And the online pet category has four undifferentiated players that
include "pet" as part of their name. It's a dog-eat-dog business.
2. Who cares if our name is strange? The name is the hook that hangs the
brand on the product ladder in the consumer's mind. In this competitive
era, choosing company and product names is the single most important
marketing decision businesses face.
Shakespeare was wrong. A rose by any other name would not smell as
sweet. Not only do people see what they want to see, but they also smell
what they want to smell, which is why the single most important decision
in marketing fragrances concerns the name the company decides to place
on the bottles. Would "Alfred" have sold as well as "Charlie"? Don't bet
Hod Island in the Caribbean was going nowhere until they changed the
name to Paradise Island.
But names no longer have to be meaningful, according to the new breed of
portal moguls. That's why you stumble across monikers that either have
no meaning (asima.com), are somehow incomprehensible (Fogdog.com), or
mock those foolish enough to attempt to pronounce them (Axolotl.com).

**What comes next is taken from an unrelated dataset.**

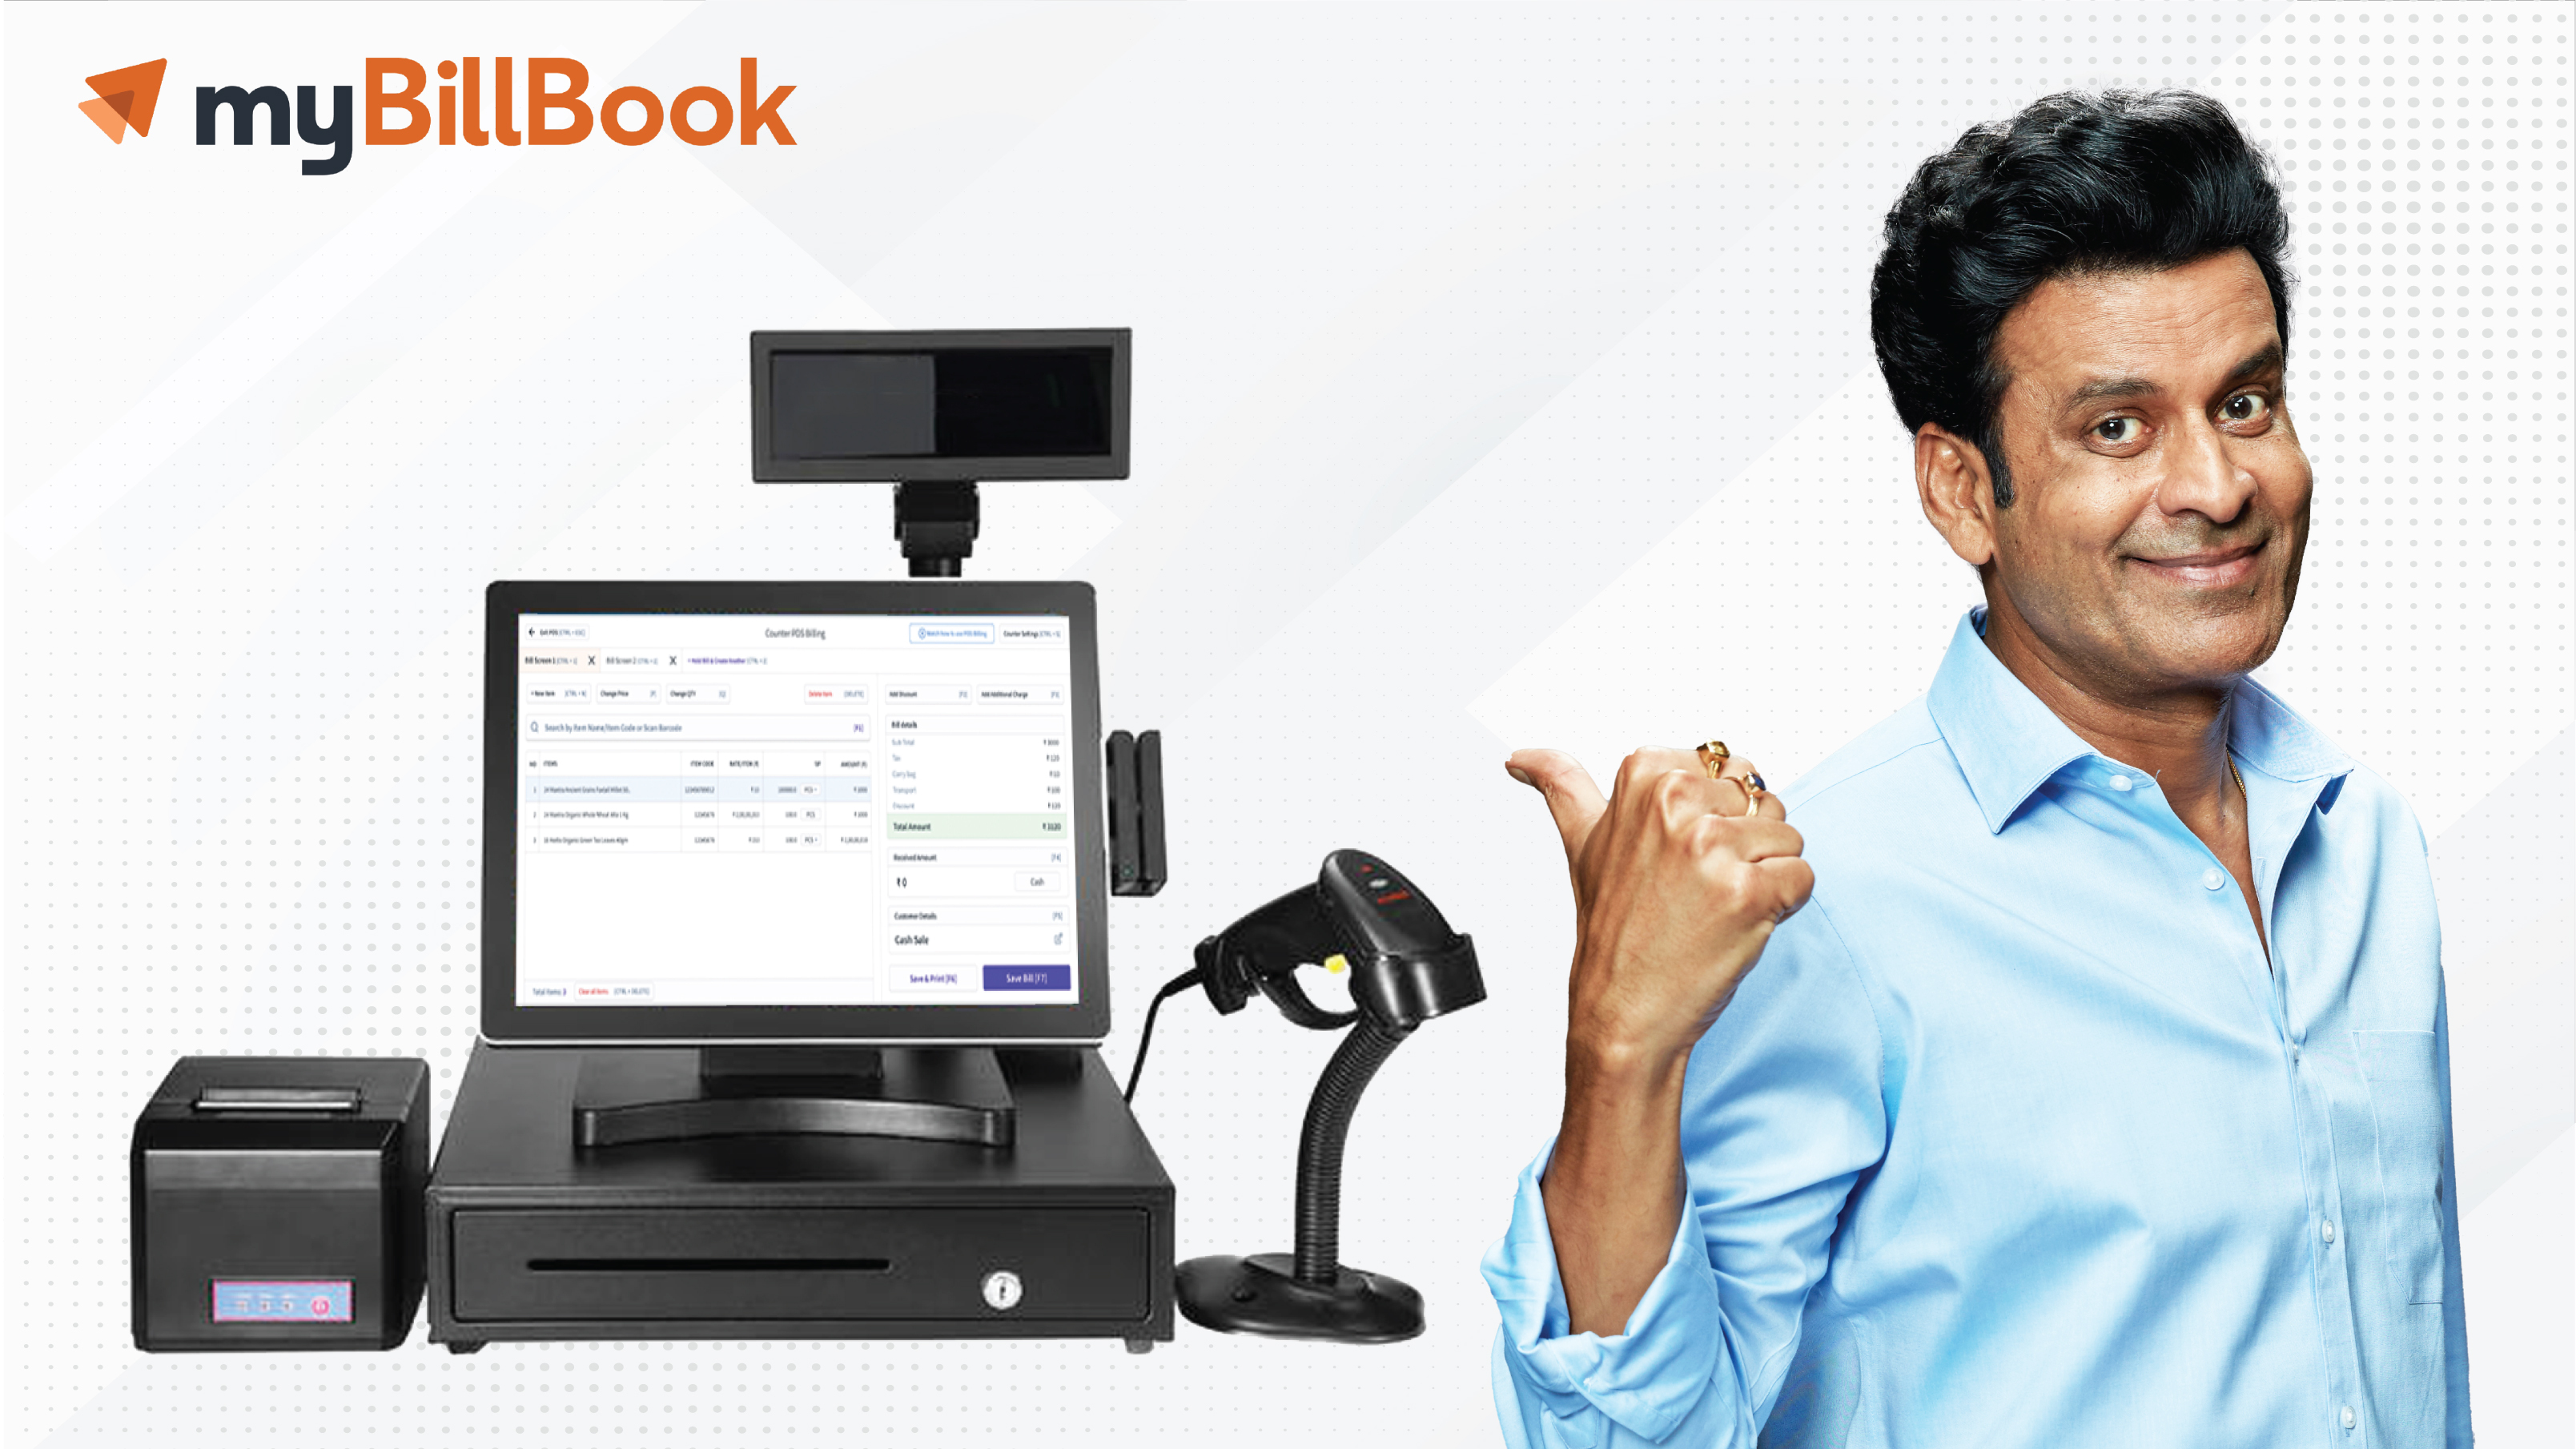 myBillBook launches POS Billing, a complete billing & inventory solution for retailers & franchises

We'll make you remember our name, they say. We'll force you to bookmark
our site. Oh really? With more than 13 million domain names registered
and thousands more jumping in each week, no one has enough money or
muscle to force Internet users to remember any one single name. Names
that are gibberish or just plain silly are the first ones consigned to
the mental scrap pile.
Being savvy on the Internet means coming up with a name that starts the
differentiating process (instead of defeating it).

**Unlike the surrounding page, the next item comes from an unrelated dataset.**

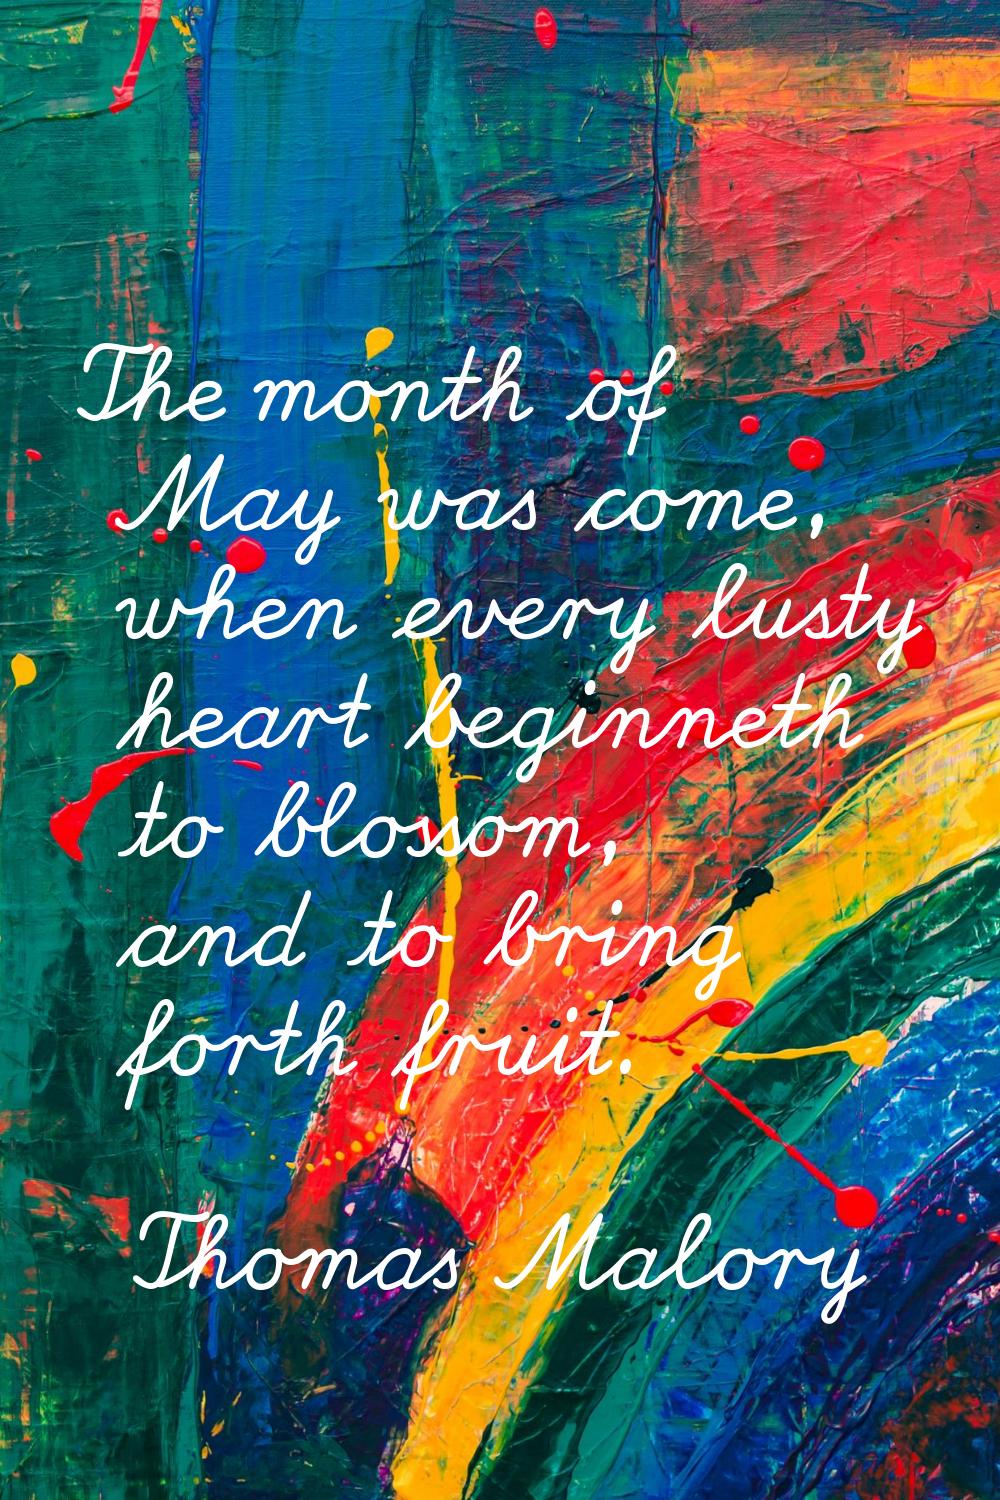 The month of May was come, when every lusty heart beginneth to blossom, and to bring forth fruit.

3. We need a cool, creative commercial. That's the last thing businesses
need when they're launching a new brand of anything.
What they need are commercials that register their names as many times
as possible. If I only see a name once at the very end of a commercial,
I won't remember it. The radio commercial for Corbett Canyon wine uses
the echo "Canyon, Canyon, Canyon" to drive home its name. It has made
the wine very hot in a very crowded category.
Businesses also need commercials that clearly tell prospective customers
what they do and what makes them different. Viewers watching the crop of
dot-com commercials that aired during January's Super Bowl were
hard-pressed to figure out exactly what the companies were attempting to
communicate. The commercials were creative, but they were also vague and
just plain weird. The one unambiguous message they transmitted was that
it's easy to waste a lot of other people's money in a hurry.
4. Let's not worry about making money and just build a brand. It
requires time and consistency to build a brand. It requires taking
profits and plowing them back into brand building. But what happens if
there are no profits, only losses? Usually, someone on staff is sent to
file Chapter 11.
Pets.com spent more than $2 million on a Super Bowl ad featuring its
sock puppet. The puppet marched in the Macy's Thanksgiving Day parade.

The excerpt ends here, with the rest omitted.